--- Task goal ---
In the listing that follows, the lines starting at the one containing "This model was" and ending at the one containing "Hope you like" are to be returned exactly, both boundary lines included, and no others.

--- Given data ---
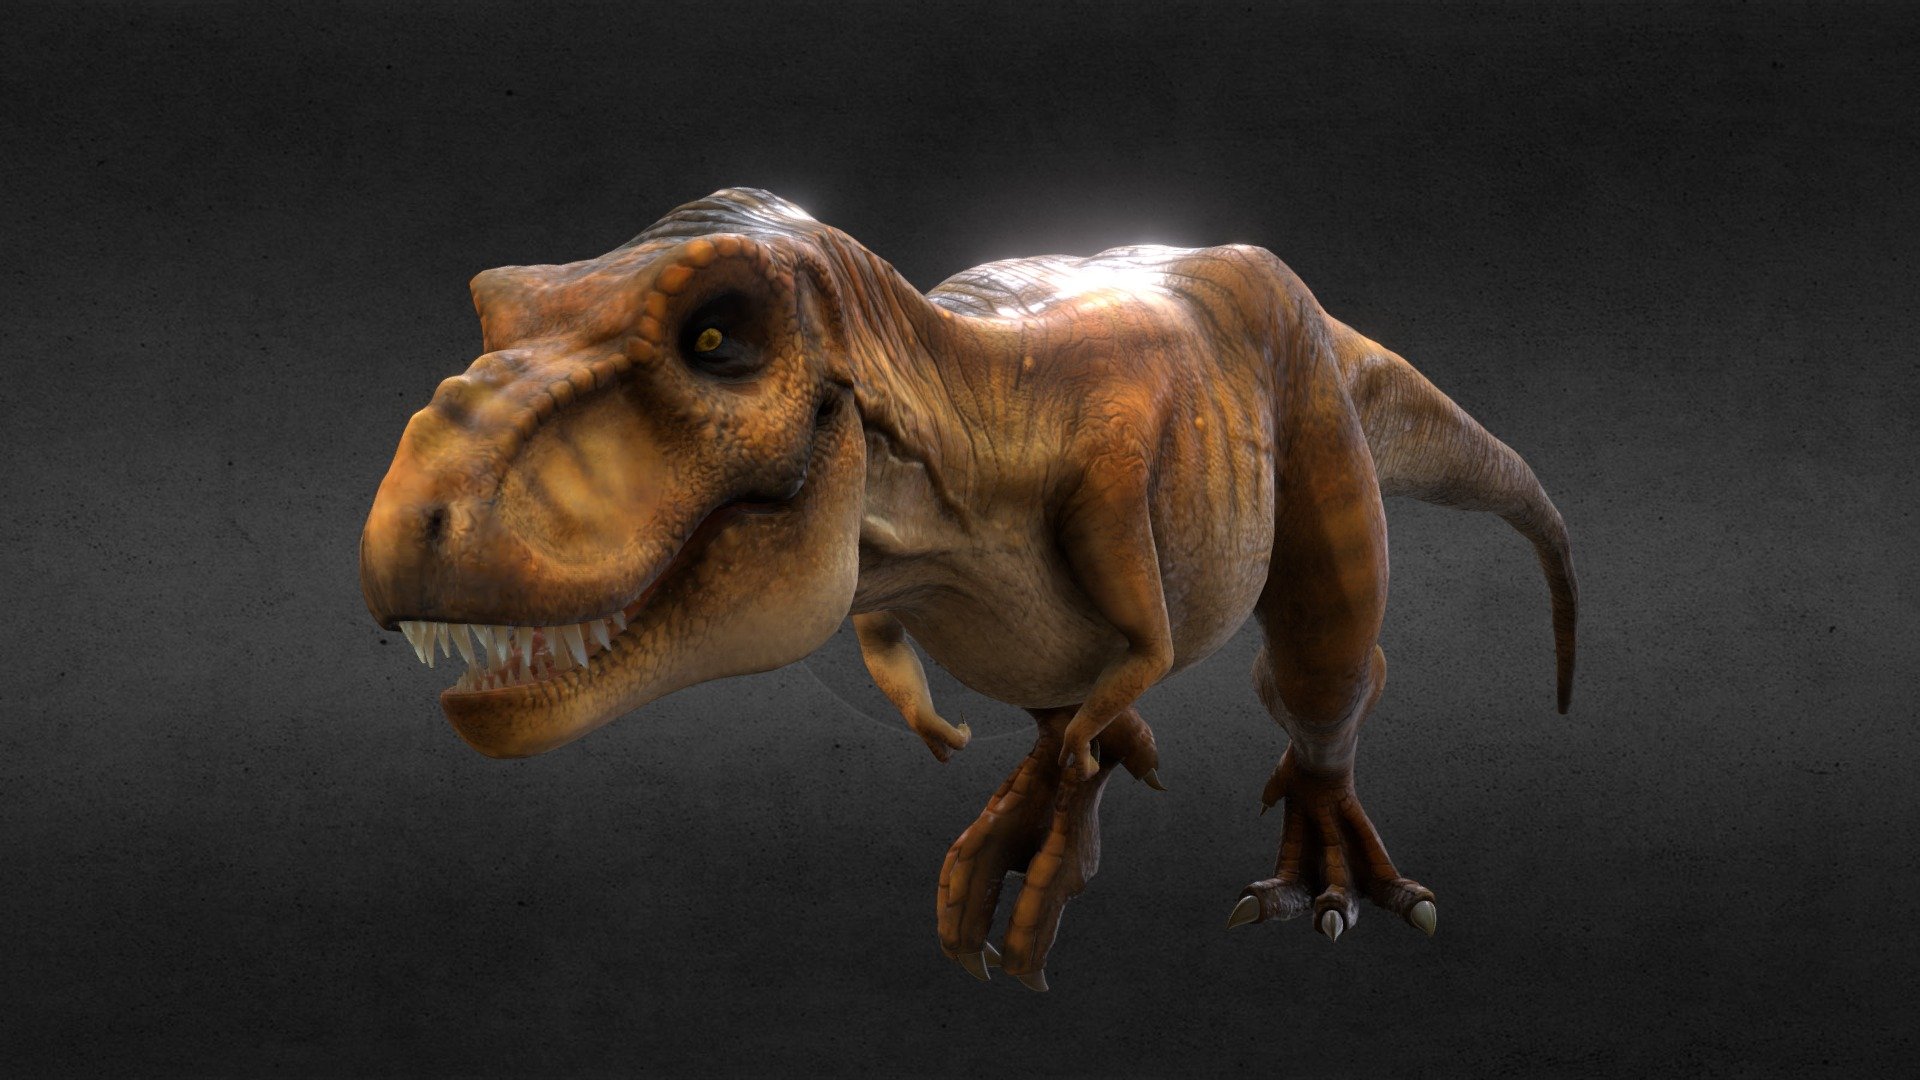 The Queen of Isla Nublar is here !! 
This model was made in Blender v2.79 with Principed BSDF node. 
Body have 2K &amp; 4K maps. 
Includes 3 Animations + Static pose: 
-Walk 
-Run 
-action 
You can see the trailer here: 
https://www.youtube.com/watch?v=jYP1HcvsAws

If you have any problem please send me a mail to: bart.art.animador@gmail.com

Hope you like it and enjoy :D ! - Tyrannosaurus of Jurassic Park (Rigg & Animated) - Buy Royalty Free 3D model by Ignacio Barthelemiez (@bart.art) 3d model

--

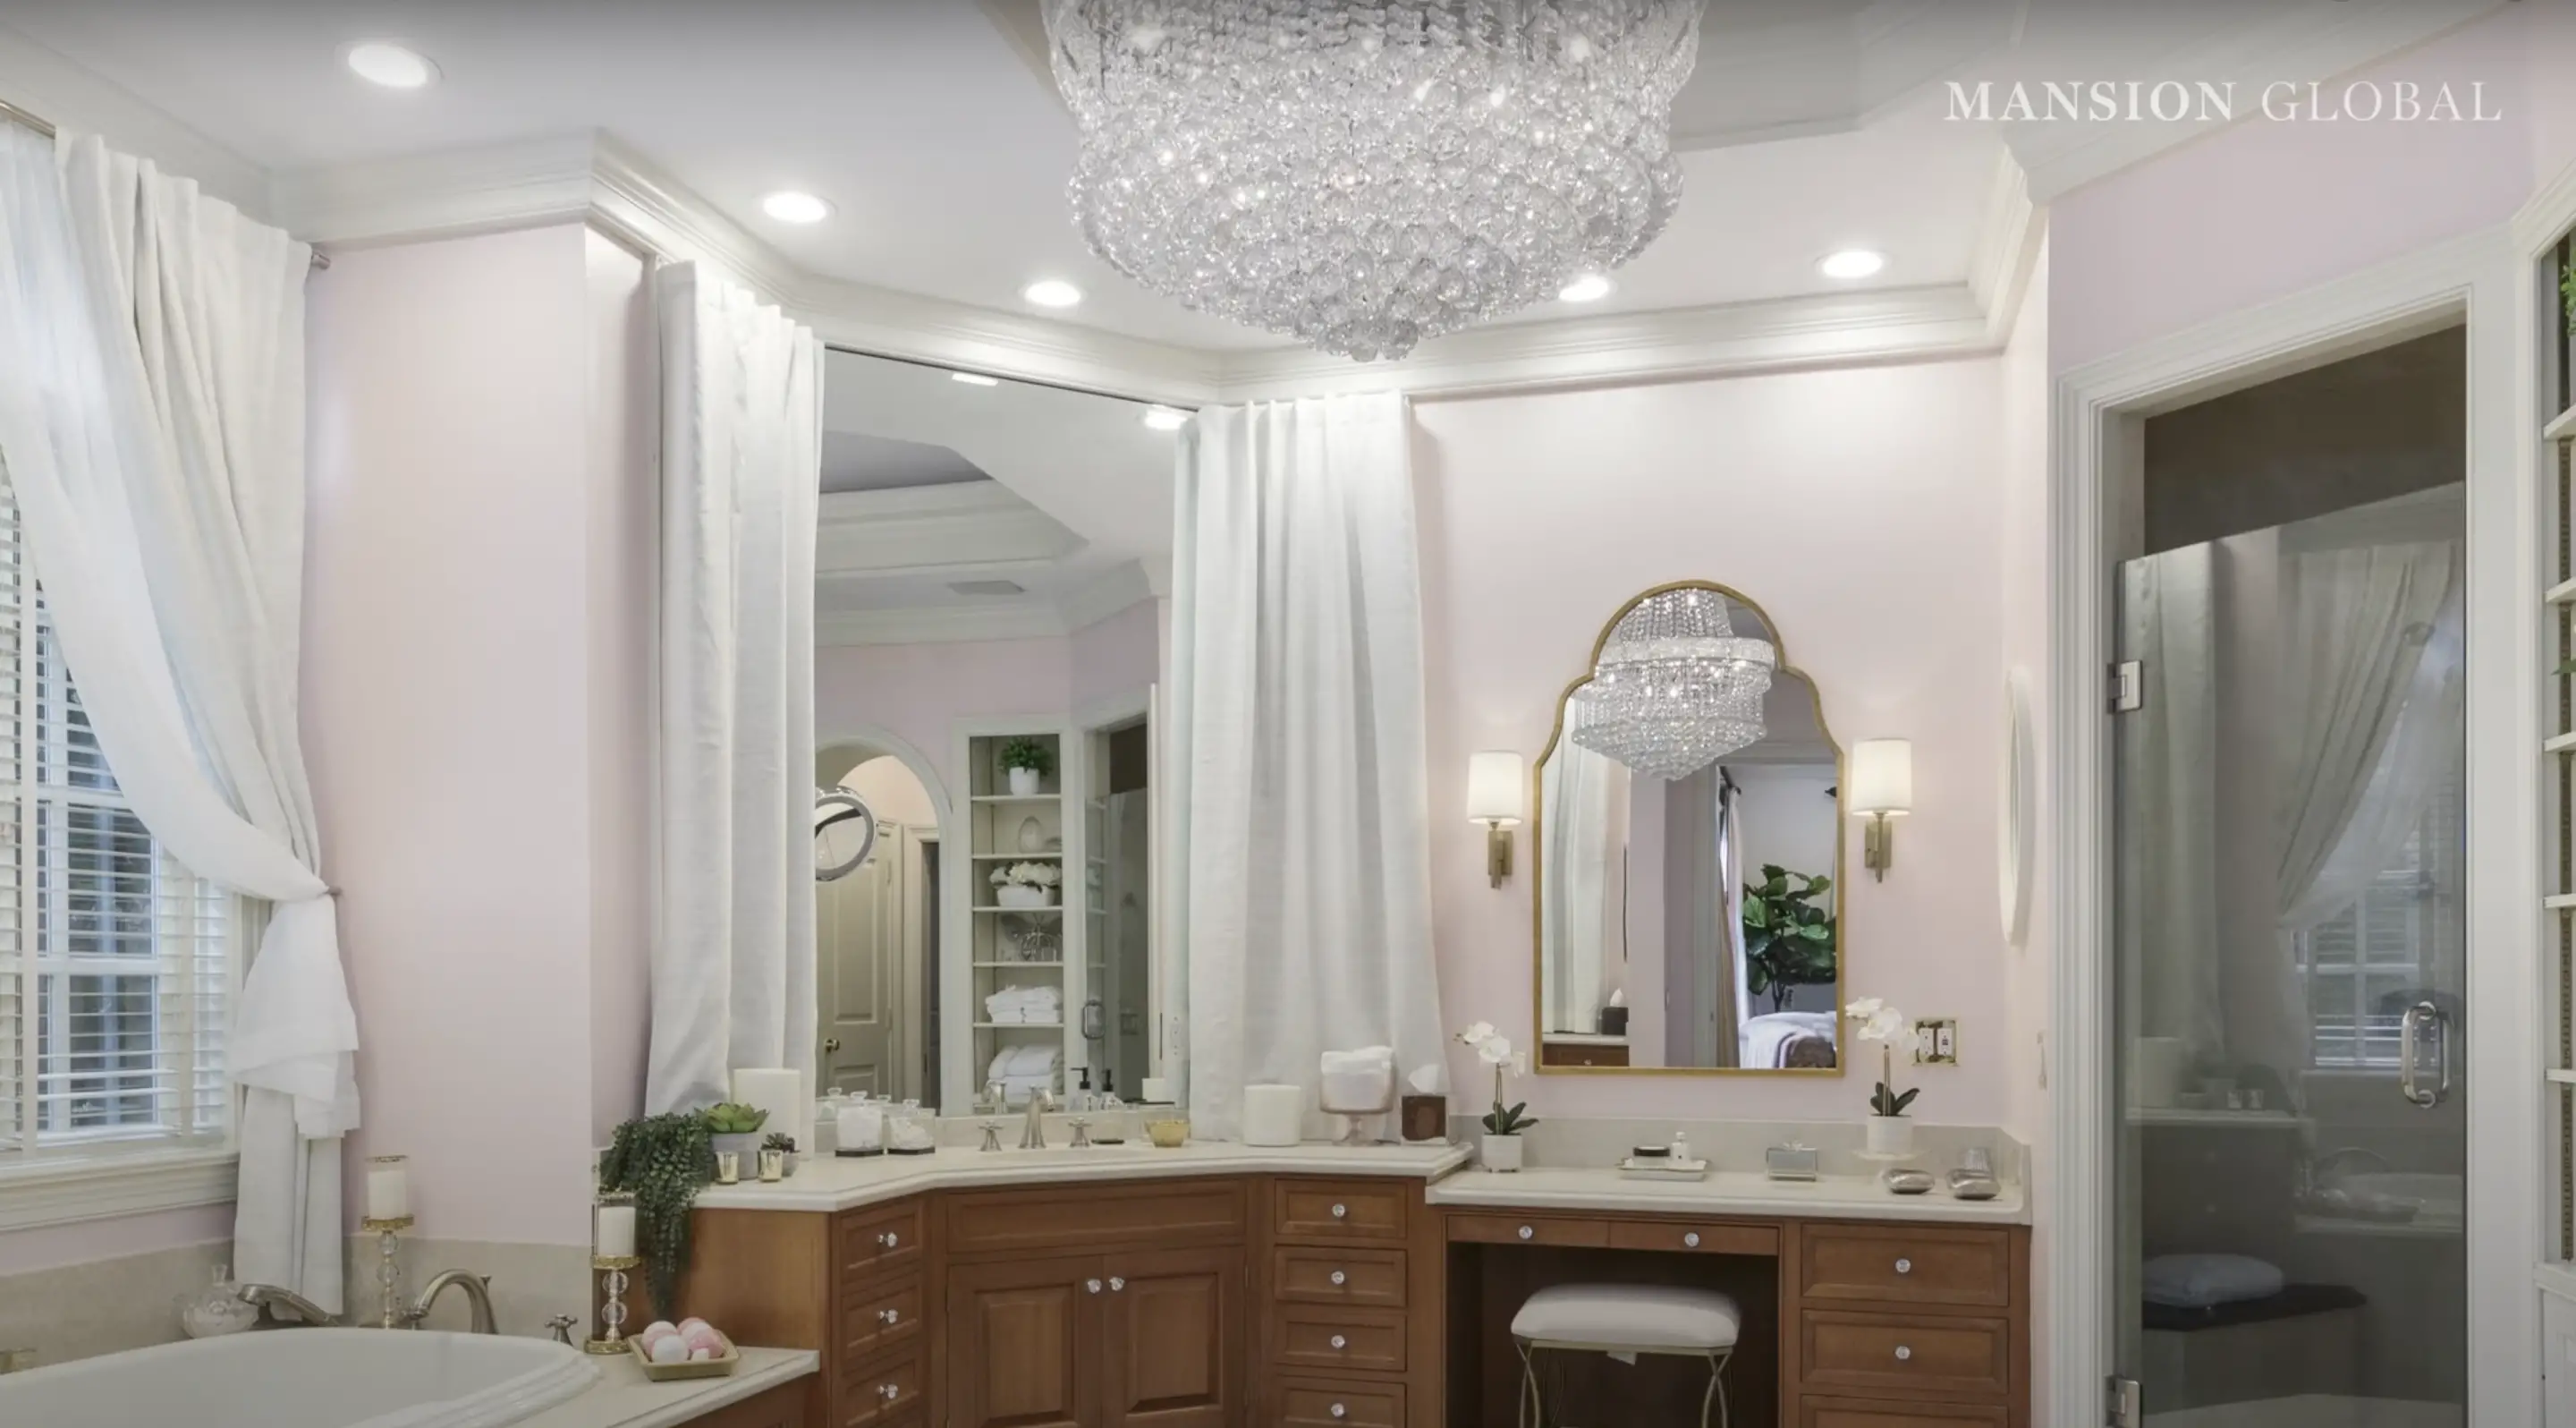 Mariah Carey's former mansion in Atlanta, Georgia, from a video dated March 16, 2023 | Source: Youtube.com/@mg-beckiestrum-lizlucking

==

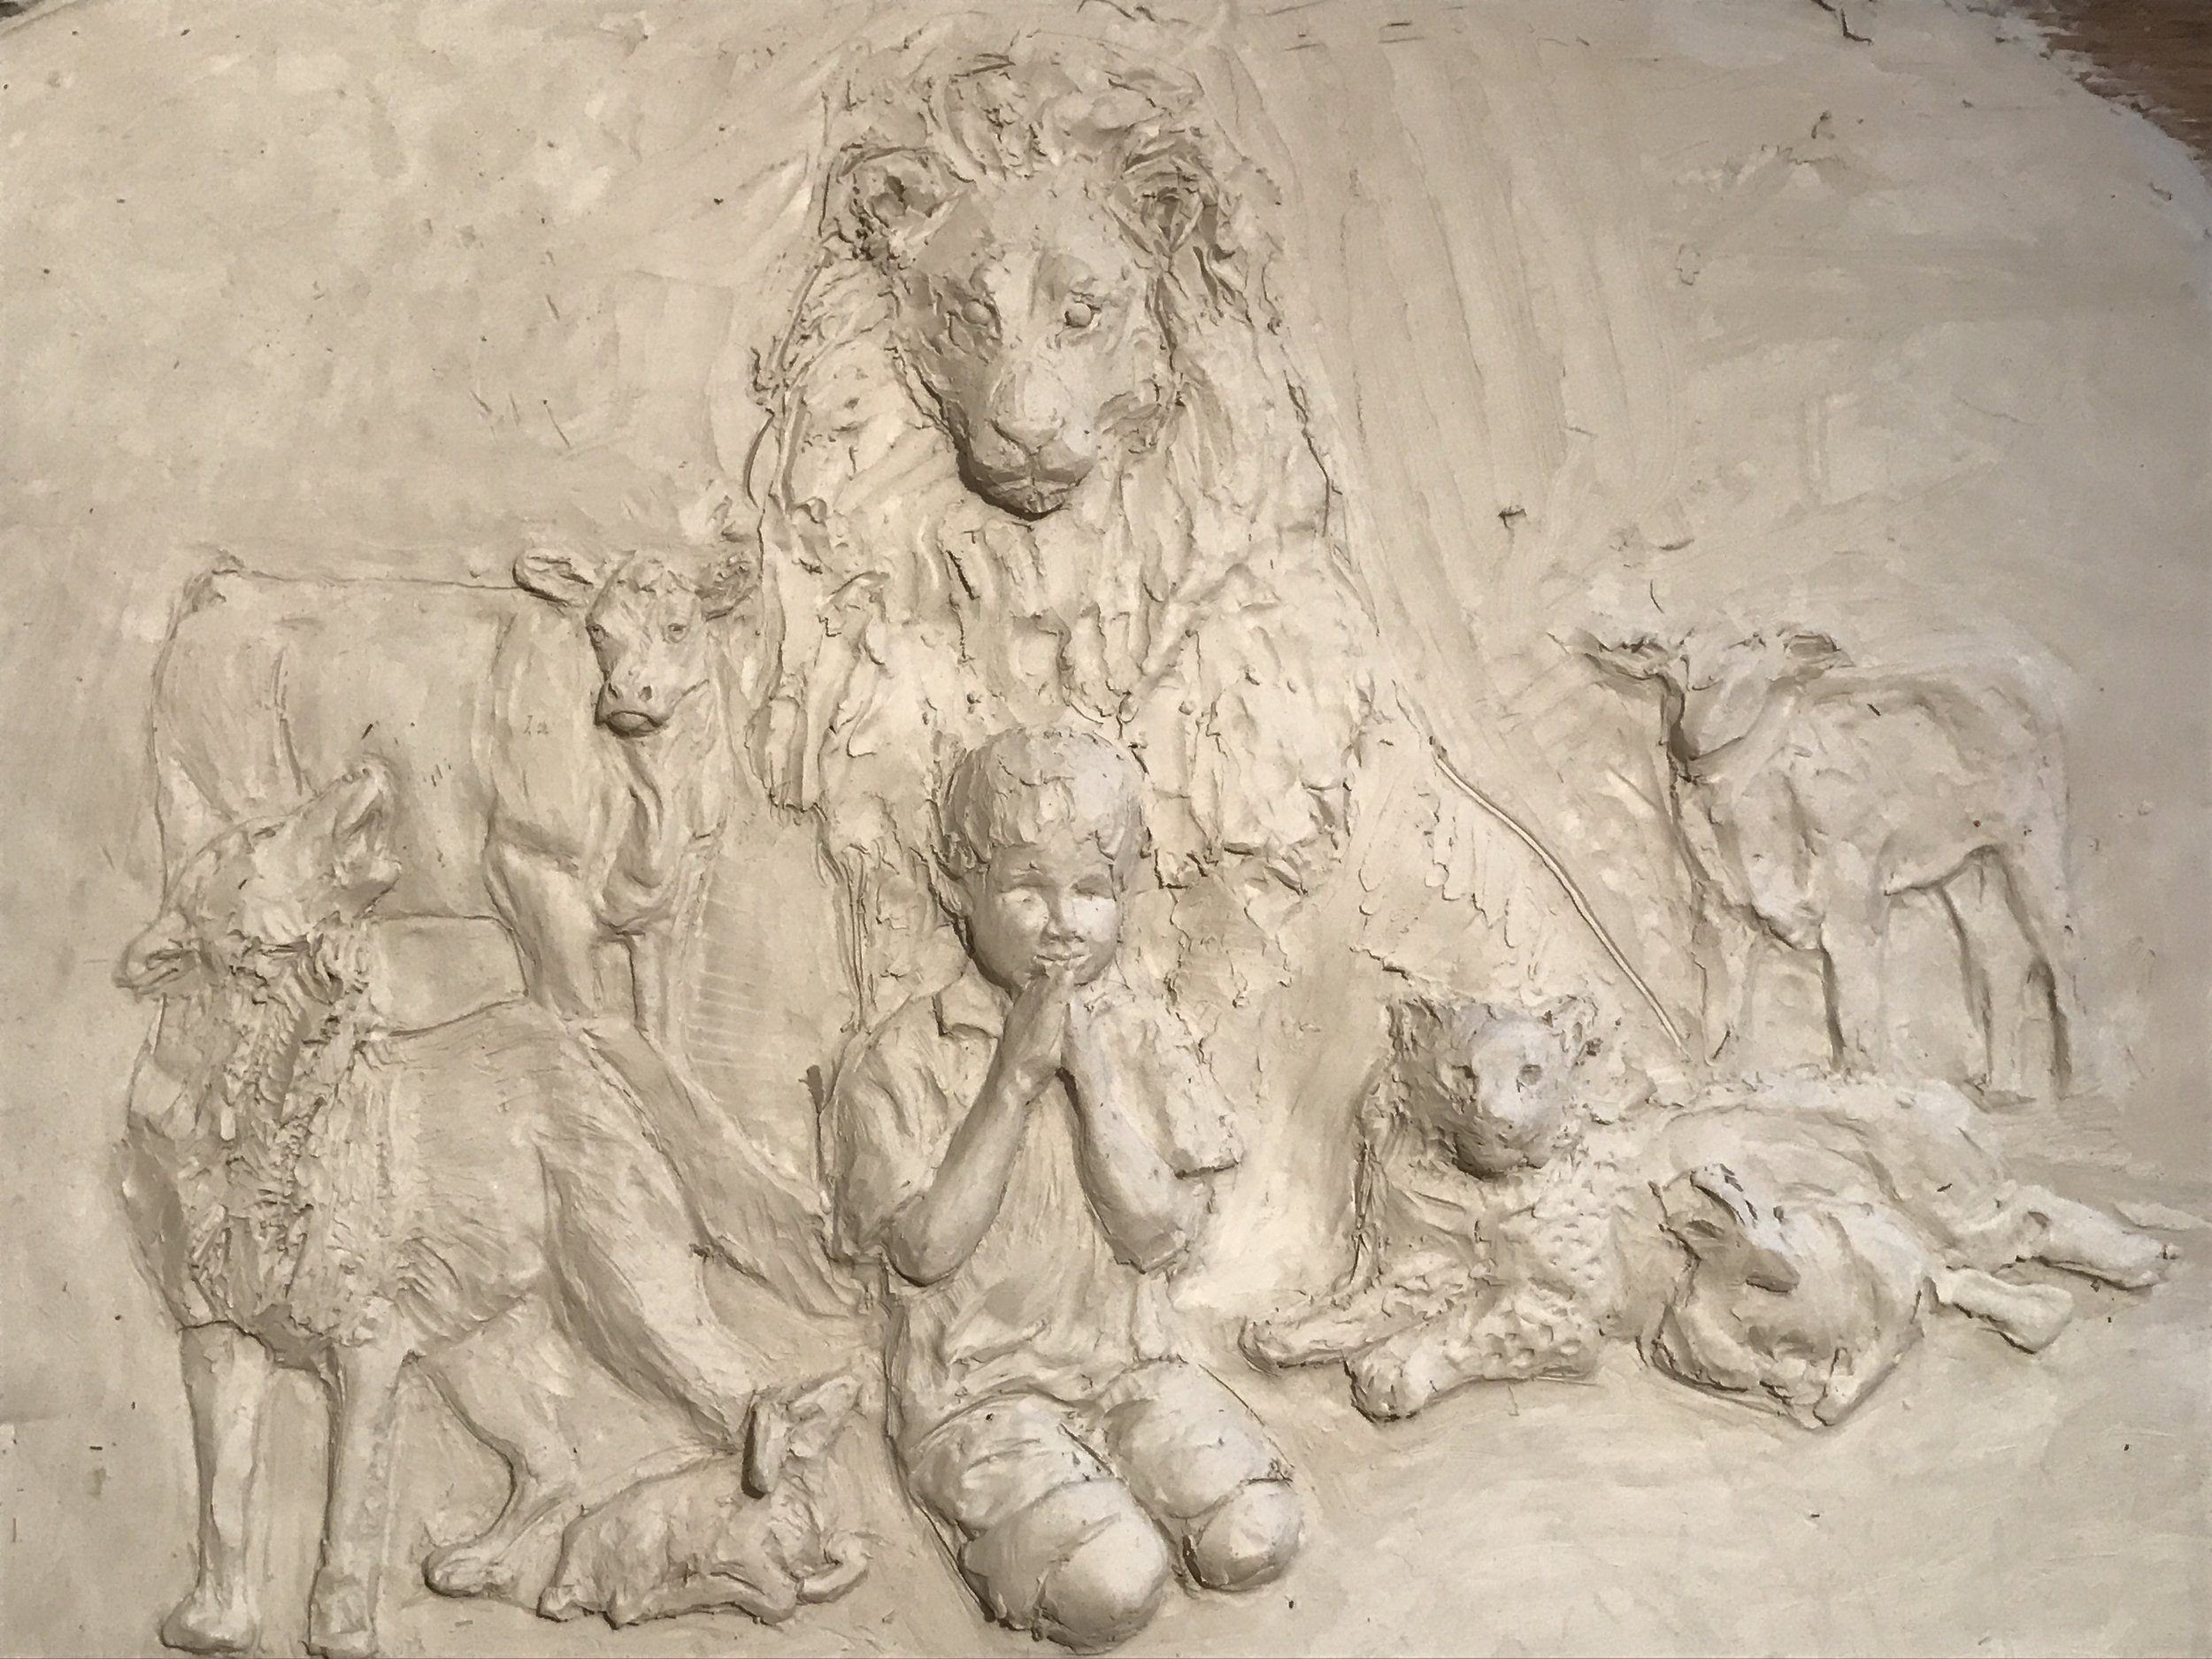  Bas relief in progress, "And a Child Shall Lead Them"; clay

--- Exercise solution ---
This model was made in Blender v2.79 with Principed BSDF node. 
Body have 2K &amp; 4K maps. 
Includes 3 Animations + Static pose: 
-Walk 
-Run 
-action 
You can see the trailer here: 
https://www.youtube.com/watch?v=jYP1HcvsAws

If you have any problem please send me a mail to: bart.art.animador@gmail.com

Hope you like it and enjoy :D ! - Tyrannosaurus of Jurassic Park (Rigg & Animated) - Buy Royalty Free 3D model by Ignacio Barthelemiez (@bart.art) 3d model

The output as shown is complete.